На первый взгляд это и в самом деле веселая, эксцентрическая, «безыдейная» комедия, пьеса, что называется, «приятная во всех отношениях». Тут и ласкающая взгляд обстановка: особняк, про который сказано, что «это не дом, а достопримечательность»[41], величественная гостиная, георгианская мебель, которую больше собственной жены лелеет 35-летний хозяин дома, подающий надежды политик и коллекционер антиквариата Арнолд Чампьон-Чини. Тут что ни реплика, то афоризм, каламбур, острота, игра слов; действующие лица, «привлекательные, хорошо одетые люди», как и полагается в салонной комедии из жизни высших кругов, шутят и подначивают друг друга — и за светской беседой, и за ужином, и за теннисом, и за бриджем. «Обуваясь, женщина не преминет попудриться». Или: «Если не чертыхаться, когда происходит черт знает что, то когда же еще чертыхаться?» А происходит в благородном семействе Чампьон-Чини и впрямь «черт знает что». На голову молодого политика, члена парламента Арнолда и его жены Элизабет одновременно сваливаются его давно разведенные родители. Отец, Клайв Чампьон-Чини, в прошлом тоже политик, теперь же — пожилой повеса из тех, что «бремя лет несут с легкостью». И его бывшая жена леди Кэтрин Чампьон-Чини со своим другом лордом Портьюсом, старым брюзгой и грубияном, любящим крепкое словцо и решительно всем — и всеми — недовольным.

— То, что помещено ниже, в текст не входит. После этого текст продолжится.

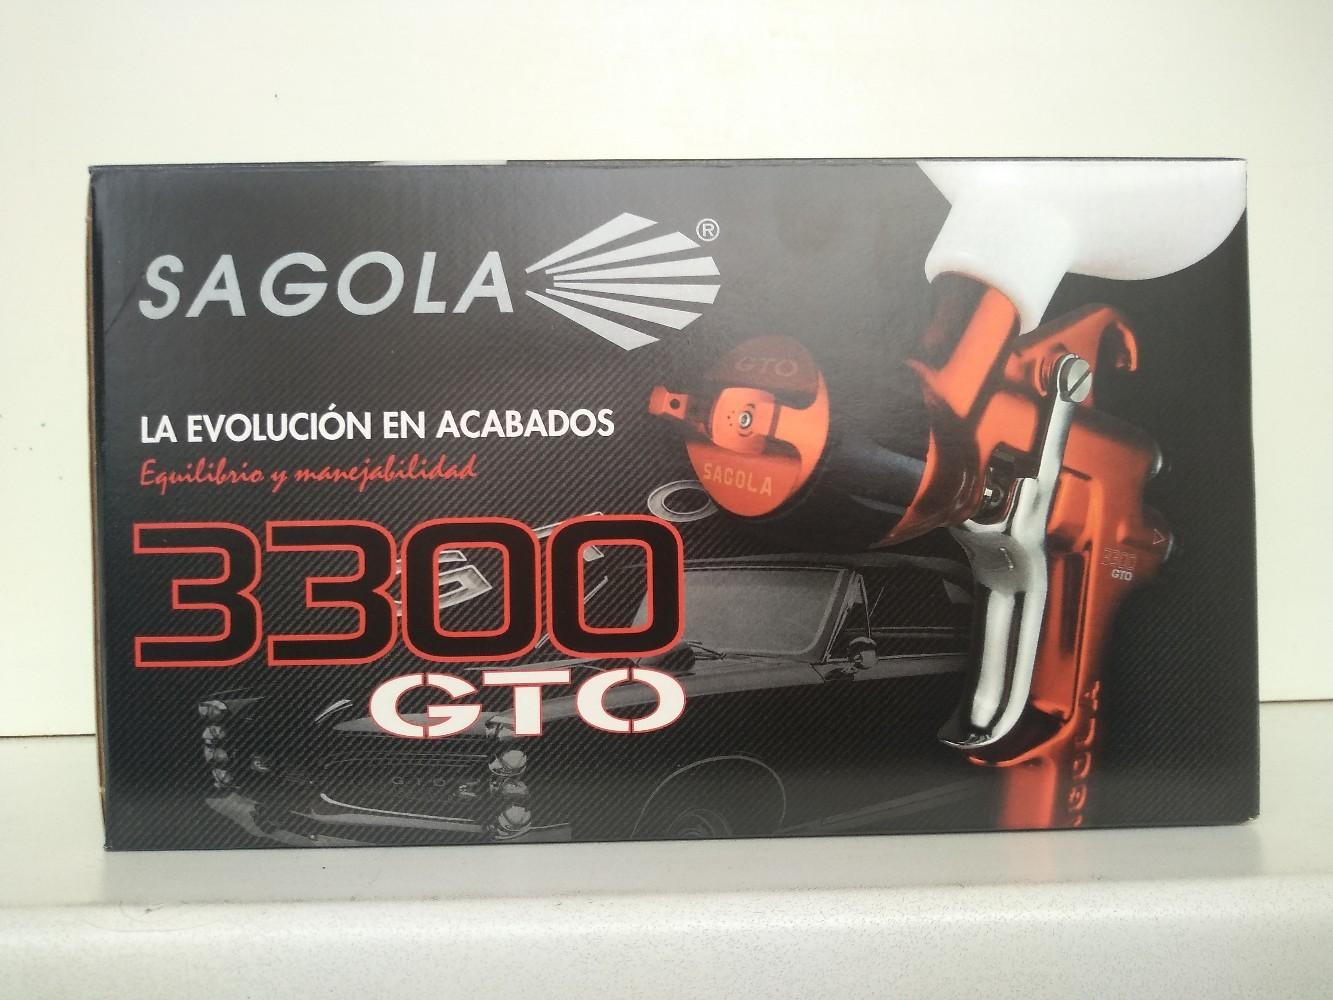 SAGOLA 3300 GTO CAR 1.3 TECH

Тридцать лет назад, когда Арнолду не было и пяти лет, леди Китти, «веселая миниатюрная дама с крашеными рыжими волосами и наведенными щеками», которая называет себя прирожденной актрисой («Проживи я жизнь сначала, я бы конечно же пошла на сцену») и любит сострить: «У кого-то получается стать матерью, а кто-то остается женщиной», убежала, «забыв честь, долг и приличия», с чужим мужем, причем убежала совершенно неожиданно, оставив обожаемому супругу записку, что к обеду не спустится. И вот теперь, спустя тридцать лет, «шалунья леди Китти» со своим вконец одичавшим от жизни «во флорентийской глуши» лордом-сумасбродом приезжает из Италии повидать сына, которого, естественно, не узнаёт, хотя в порыве экзальтации не устает повторять: «Я узнала бы тебя из тысячи».